At what point shall we expect the approach of danger? By what means shall we fortify against it? Shall we expect some trans-Atlantic military giant to step the ocean and crush us at a blow? Never! All the armies of Europe, Asia, and Africa combined could not, by force, take a drink from the Ohio or make a track on the Blue Ridge in a trial of a thousand years.
At what point, then, is the approach of danger to be expected? I answer, that if it ever reach us, it must spring from amongst us; it cannot come from abroad. If destruction be our lot, we ourselves must be the authors and finishers. As a nation of free men, we must live through all times, or die by suicide.
According to Wikipedia, the whole speech – this is just a part – combines sentences from 1838, 1852, 1858, 1860, and 1864. What would cause someone to choose quotes about enemies within, instead of using an actual speech by a man who, I’m told, wrote some pretty good ones? In today’s climate, the speech comes across like some sort of Tea Party screed.
*Sorry, Ari.
44 comments
February 22, 2010 at 12:14 pm
kevin
Of course Abe is second best.
Everyone knows the greatest was William Henry Harrison, who still holds the land speed record for the American presidency, clocking in at thirty days, seven hours, four minutes and 32 seconds.
February 22, 2010 at 12:36 pm
Ben Alpers
In the mid-’60s when this exhibit premiered, state-of-the-art wingnuttery was denouncing Lincoln, who appeared (along with Jackson and FDR) as the three great villains in Frank “Fusionism” Meyer‘s declension narrative about the destruction of the original Constitutional settlement by the encroaching power of the mob and the State.
February 22, 2010 at 12:47 pm
jacob
It’s pinkos like you that freed the slaves.
February 22, 2010 at 12:59 pm
heydave
Holy hugnuts! Just please tell me that they didn’t have the animatronic Lincoln wink and say “you betcha!”
February 22, 2010 at 1:06 pm
Ahistoricality
In the mid-’60s when this exhibit premiered, state-of-the-art wingnuttery was denouncing Lincoln,
And ol’ Walt was no liberal, either.
February 22, 2010 at 1:06 pm
kevin
You’re thinking of the Rapping Lincoln at Duff Gardens, Dave.

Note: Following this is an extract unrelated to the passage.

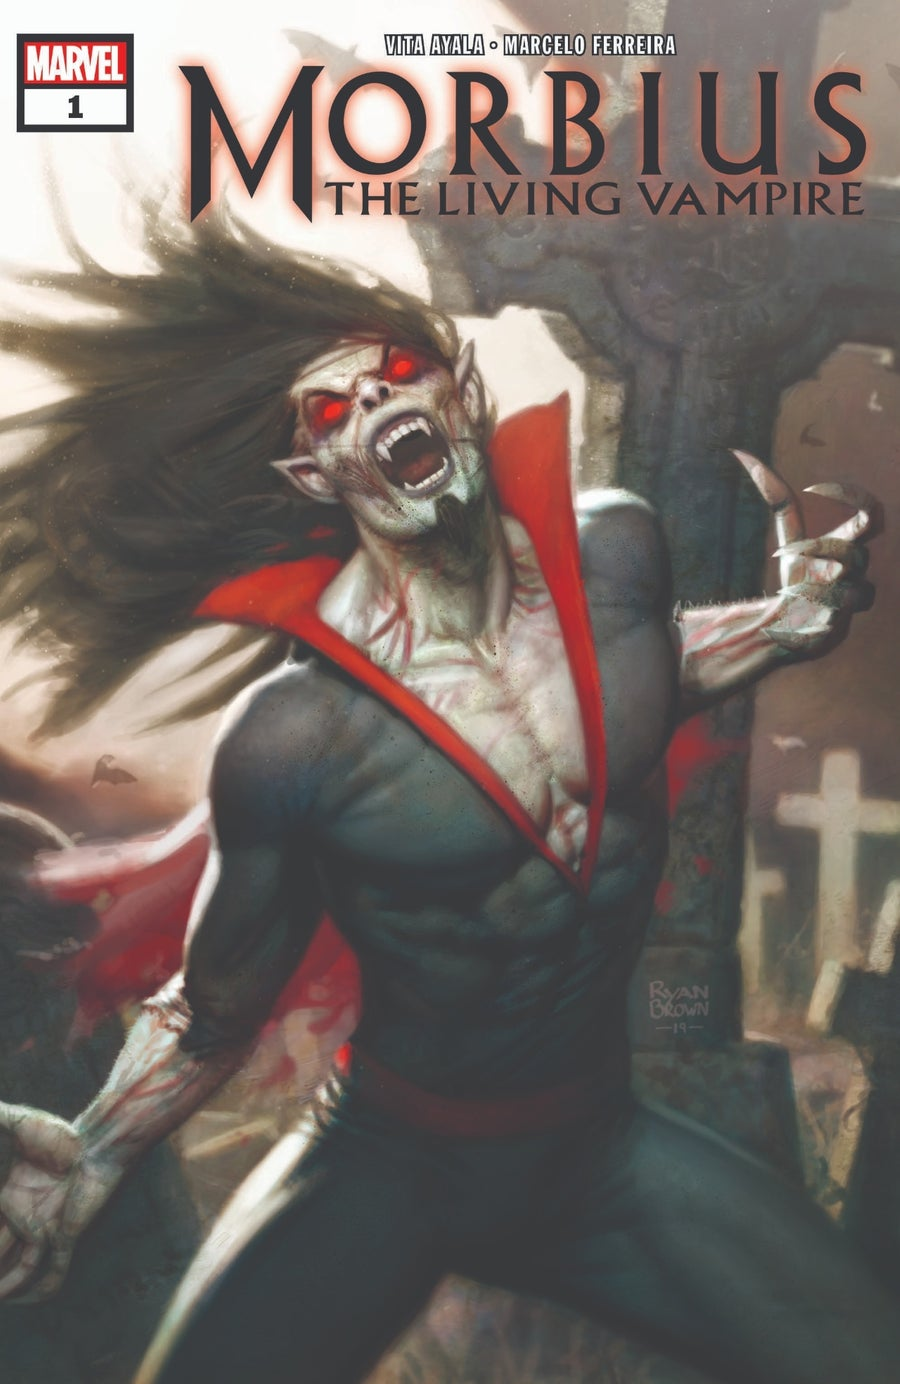 Самый популярный вампир Marvel получит новую серию комиксов | Канобу - Изображение 2

February 22, 2010 at 1:28 pm
grackle
My only visit to Disneyland was in the mid 60’s and at the time the robotic Lincoln IIRC did give the Gettysburg address, but it was preceded by an advertisement for Lincoln Savings, which was later to be made famous by Charles Keating. All in all quite a surreal experience.
February 22, 2010 at 1:35 pm
slimlove
robot lincoln would explain this…
http://wondermark.com/594/
February 22, 2010 at 4:07 pm
Erik
So who is #1 if not Lincoln?
February 22, 2010 at 4:44 pm
Kieran
One and only one President had a pocket full of horses, fucked the shit out of bears, threw a knife into heaven, and could kill with a stare.
February 22, 2010 at 4:58 pm
snarkout
As a good liberal, I am opposed to presidents who are made of radiation.
February 22, 2010 at 5:01 pm
Sir Charles
And had like thirty godammed dicks.
February 22, 2010 at 5:02 pm
ari
Little known fact: Lincoln actually had 32 goddamn dicks.
February 22, 2010 at 5:06 pm
Kathy
Who is #1? I have to go with Eric on this:
https://edgeofthewest.wordpress.com/2008/02/13/first-in-the-league-tables/
February 22, 2010 at 5:35 pm
kid bitzer
huh. i don’t hear wingnutty. i hear an apposite rebuke to the right-wing bed-wetters who think we should throw away our civil liberties to protect ourselves from invading islamic hordes.
i hear lincoln saying: terrorism is not a threat to our nation’s existence. hysterical right-wing responses to terrorism are the threat to our nations existence.
that is the enemy within our borders.
but then, i’m probly mis-hearing it, since i never been to disney land.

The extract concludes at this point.